1) Knowing Your Accomplishments-

Candidates must sit down with their resume and for the last 5 years write down the top 3 projects that they accomplished in each year. When the candidate is faced with a tough question, he/she is able to articulate his/her accomplishments without rambling.

2) Asking Questions- 

Three areas you should be asking questions about:

a) Questions about the company
b) Questions about the product line
c) Questions about the position

3) Taking Control of the Interview-

Candidates can get control by first taking "90 seconds"- no more than two minutes and tell them about yourself. Tell them where you've been, what your biggest accomplishments were while you were there, and why you left. Then take 10-15 seconds and tell them what you goals are and what type of job/career you are presently looking for. After making this short presentation, you then want to ask them these two questions so you can sell back the appropriate accomplishments.

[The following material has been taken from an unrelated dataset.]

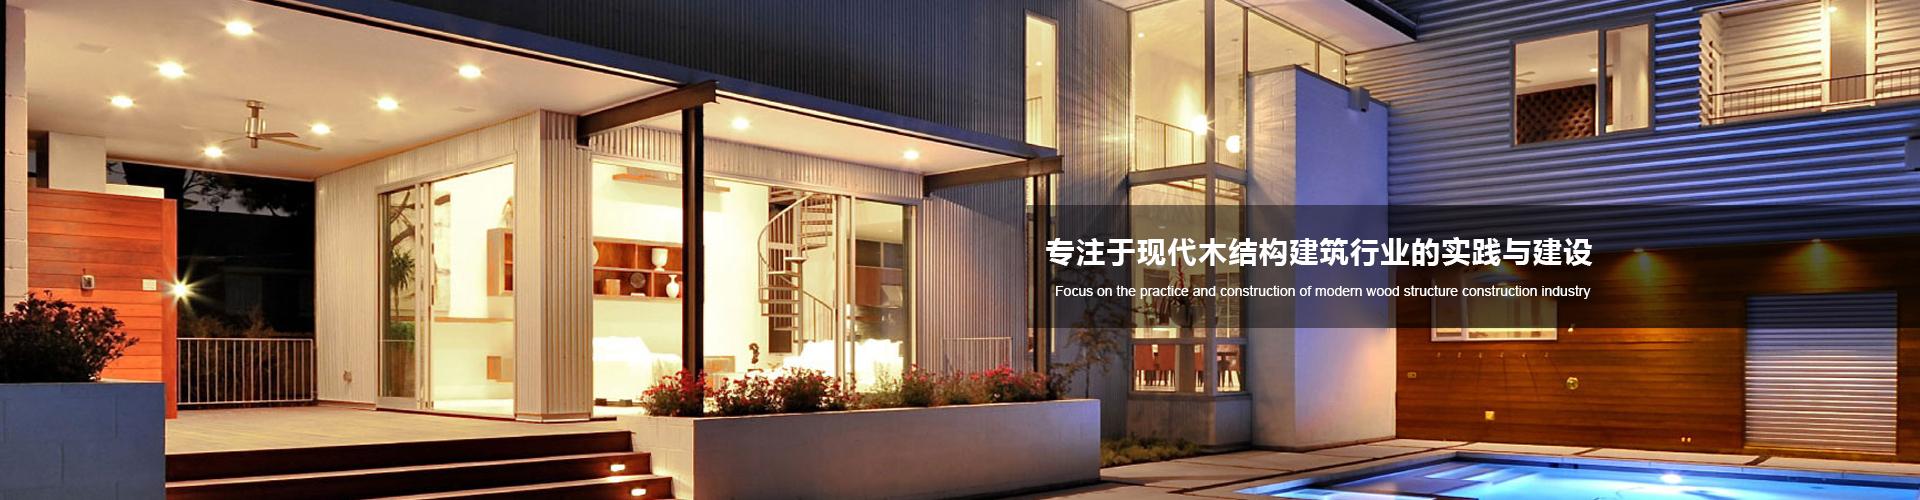 南通佳筑建筑科技有限公司

a) What do they want to see this person accomplish in the position the first year?
b) What is the ideal background or profile they want to see in a candidate?

 

4) Compensation-

Candidates should stay away from compensation and benefits in the first interview; unless they bring it up! If they bring it up, you can tell them how much you made in the past; what you are making now; and what you hope to make in the future. More importantly, if they open it up, it gives you the opportunity to find out from them what their top people are making in a similar position.

5) Being Evaluated-

Somewhere in the interviewing process, candidates should find out how they are going to be evaluated. Most people wait until they are on the new job 6 to 9 months and then want some formal feedback of how they are doing and when they are going to be evaluated to maybe get that first raise in salary.

6) Handling Objections-

Sometimes prospective employers will be telling you about the good things about the position and then before you know it, they're telling you about the negatives. Generally they want to see how many objections/negatives this person can professionally handle to maintain their interest in the position.

7) Stress Question-

Stress questions are the kind of questions that make you want to ball up your fist; punch them in the mouth; and leave. Different people get different kinds of stress questions. Candidates should first defuse stress question with humor and then focus on their accomplishments.

8) Closing Employers-

Three closes are recommended and you need to put the closes in your own words, with your own salesmanship with the proper timing.

THE FIRST CLOSE- "THE SUMMARY CLOSE

"Mr. Employer, I'm confident I can do this job because…." 1-2-3......3 majors reasons that you pick up in the interview why the company should hire you.

THE SECOND CLOSE- "THE MOTIVE CLOSE"

"Mr. Employer, I'm confident I would enjoy doing this job because........." 1-2-3....3 or more reasons why you are excited about this position.

THE THIRD CLOSE- "THE VISUALIZATION CLOSE

"Can you see me in this job -doing it successfully?"

9) Attire-

Guys: no flowery ties, shined shoes & trimmed hair. If you are over 40 or have gray in your hair, no gray suits are to be worn to the interview. Wear little or no jewelry and cologne. Ladies: no high heels, dark hose and minimize jewelry, perfume, make-up.

10) Follow-up Letter-

Follow-up letters are necessary after an interview if you are interested in the job. You should e-mail the letter and mail the hard copy. Don't thank them for the interview, but do tell them you are interested in the position and how you would be an asset to their company.